OUTPUT: file is right, on video is wrong: WHY? Current language is UTF8 (as I can see on line 8)

I have modified my code using UTF8EX

OUTPUT: file is right, on video is wrong: WHY? Current language is UTF8EX (as I can see on line 8)
Have you tried to use utf8tostr()
with these two functions I have no problem to display utf8 strings
You have also the function strtoutf8 wcich allos for example to save in utf8 text files.

A+
--

Alain Aupeix
http://jujuland.pagesperso-orange.fr/
http://pissobi-lacassagne.pagesperso-orange.fr/

U.buntu 12.04 | G.ramps 3.4.5-1 | H.arbour 3.2.0dev (2013-11-28 02:04) | HbIDE (Rev.264) | Five.Linux (r138) | Hw.Gui (2203)

Luigi Ferraris

unread,
Nov 29, 2013, 3:50:22 PM11/29/13
to harbou...@googlegroups.com
Il 29/11/2013 21.43, Alain Aupeix ha scritto:
> Have you tried to use utf8tostr()
> with these two functions I have no problem to display utf8 strings
> You have also the function strtoutf8 wcich allos for example to save
> in utf8 text files.
Hi Alain, I'm doing some test but I think the problem can be related
with OS code page (850 I'm on Windows Xp).
As I understand 858 is descripted as "OEM - Multilanguage Latin I +
Euro" (installed on my system), but Harbour it doesn't support this code.
Anyway, I continue to do test and using a GUI library (hbqt).

Cheers
Luigi Ferraris


---
Questa e-mail è priva di virus e malware perché è attiva la protezione avast!
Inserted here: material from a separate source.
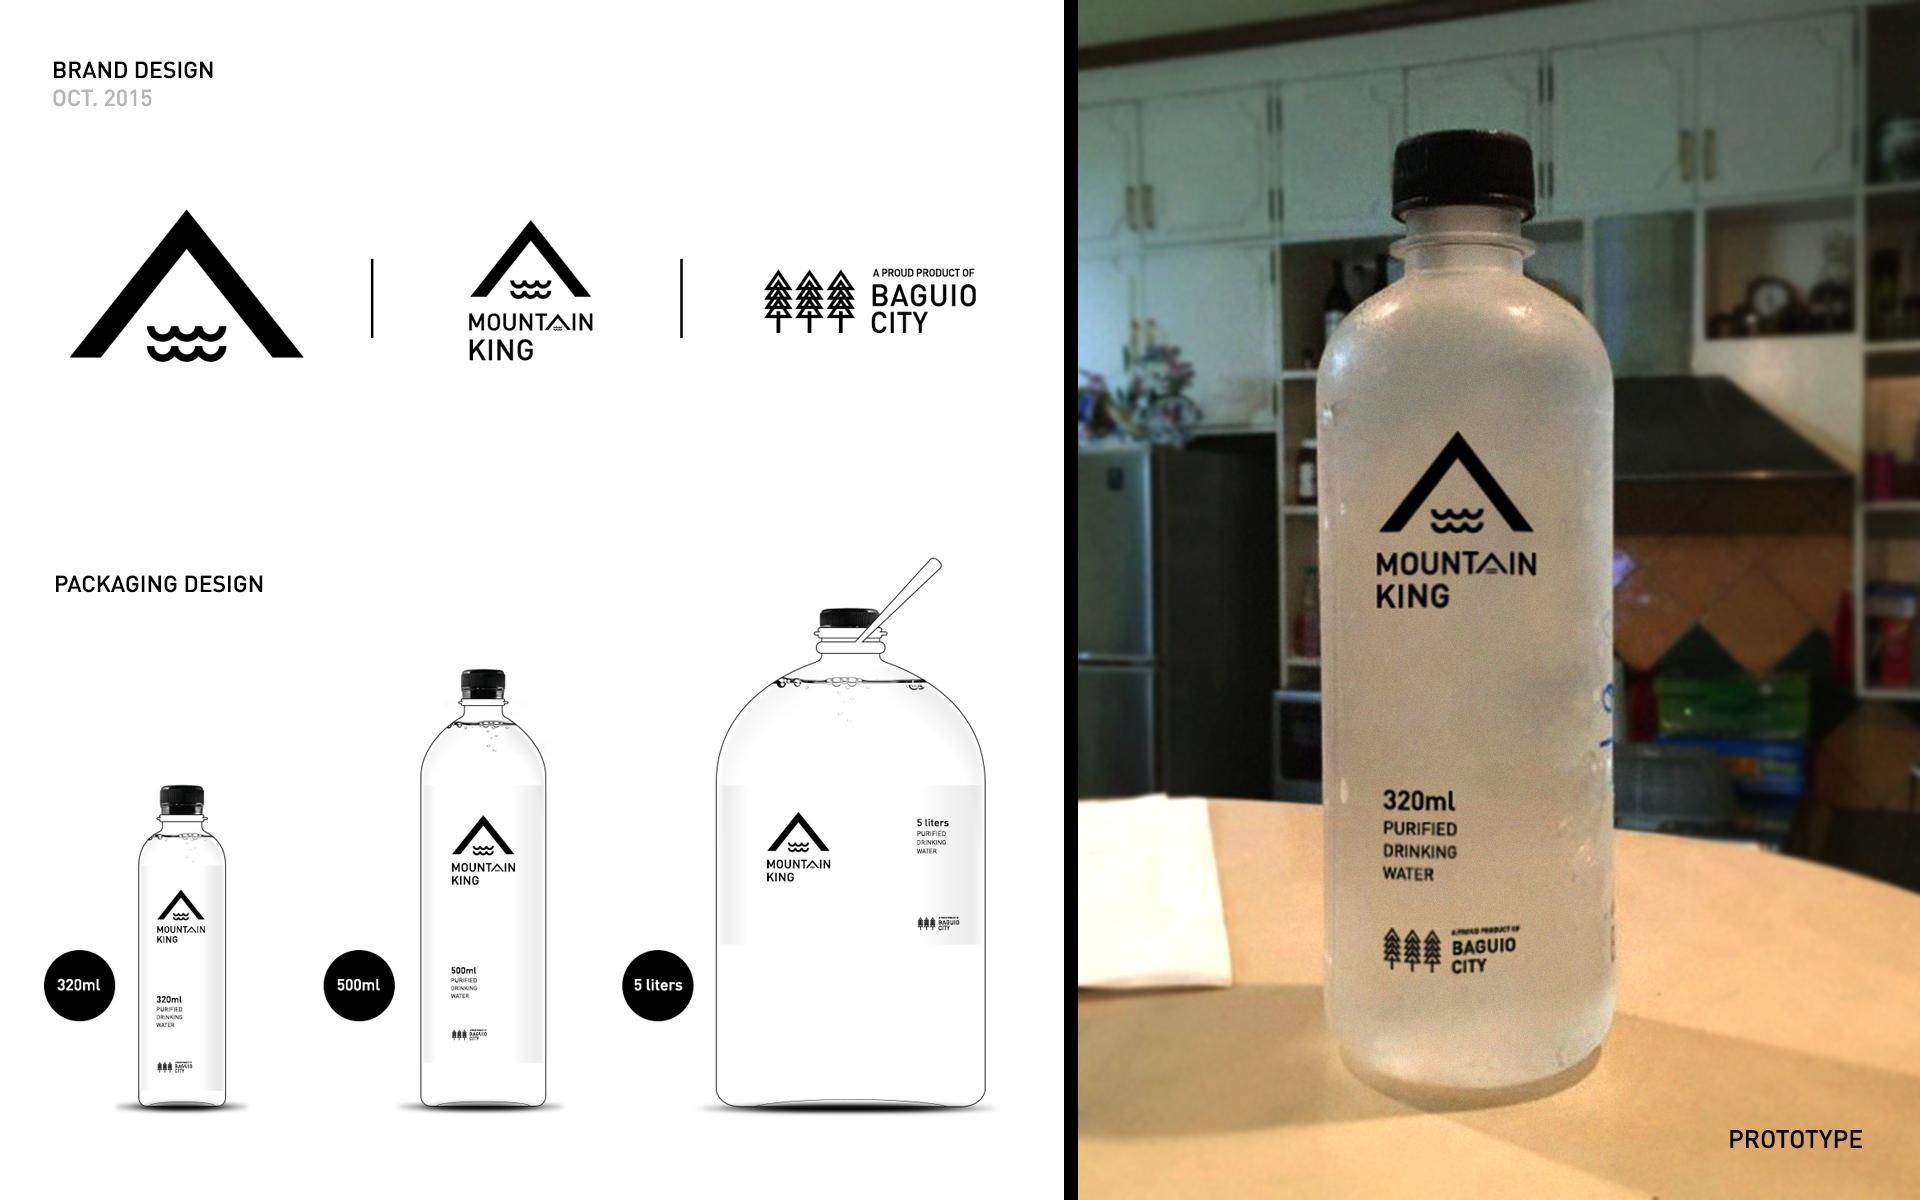 Mountain King Purified Drinking Water Brand + Packaging Design #brand #design #identity #logo #packaging #beesandvulture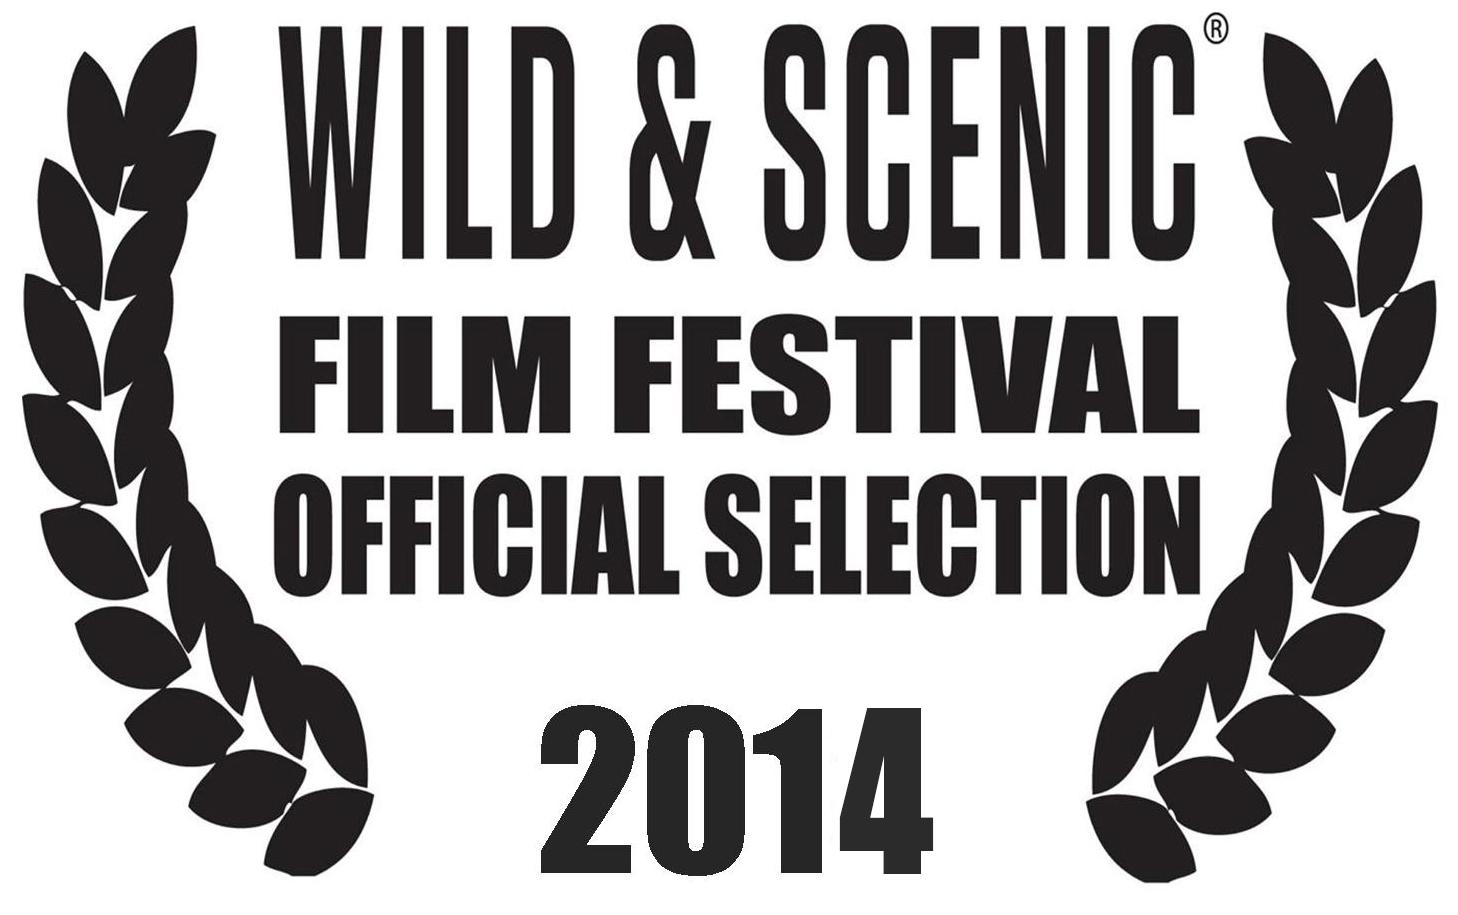 2014-WSFF-Official-Selection-laurel.jpg

Antivirus.
http://www.avast.com

Alain Aupeix

unread,
Nov 29, 2013, 5:24:26 PM11/29/13
to harbou...@googlegroups.com
Le 29/11/2013 21:50, Luigi Ferraris a écrit :
Il 29/11/2013 21.43, Alain Aupeix ha scritto:
Have you tried to use utf8tostr()
with these two functions I have no problem to display utf8 strings
You have also the function strtoutf8 wcich allos for example to save in utf8 text files.
Hi Alain, I'm doing some test but I think the problem can be related with OS code page (850 I'm on Windows Xp).
As I understand 858 is descripted as "OEM - Multilanguage Latin I + Euro" (installed on my system), but Harbour it doesn't support this code.
Try this:

1  PROCEDURE Main()
2    LOCAL cFileName := hb_FnameMerge( hb_DirBase(), "prova", "txt" )
3    LOCAL cText
4    CLS
5    ? "current is " + hb_cdpSelect()
6    IF !hb_FileExists( cFileName )
7       cText := "I'm Italian so I need è €"  (utf8 latin_e_grave and Euro_Sign)
8       hb_MemoWrit( cFileName, hb_strtoutf8(cText ))
9    ENDIF
10   cText := hb_utf8tostr(hb_MemoRead( cFileName ))
11   ? "text is :" + cText
12   INKEY( 0 )
13
14 RETURN

I should be surprise if it doesn't work

Klas Engwall

unread,
Nov 29, 2013, 6:49:14 PM11/29/13
to harbou...@googlegroups.com
Hi Luigi,

>> Have you tried to use utf8tostr()
>> with these two functions I have no problem to display utf8 strings
>> You have also the function strtoutf8 wcich allos for example to save
>> in utf8 text files.
> Hi Alain, I'm doing some test but I think the problem can be related
> with OS code page (850 I'm on Windows Xp).
> As I understand 858 is descripted as "OEM - Multilanguage Latin I +
> Euro" (installed on my system), but Harbour it doesn't support this code.
> Anyway, I continue to do test and using a GUI library (hbqt).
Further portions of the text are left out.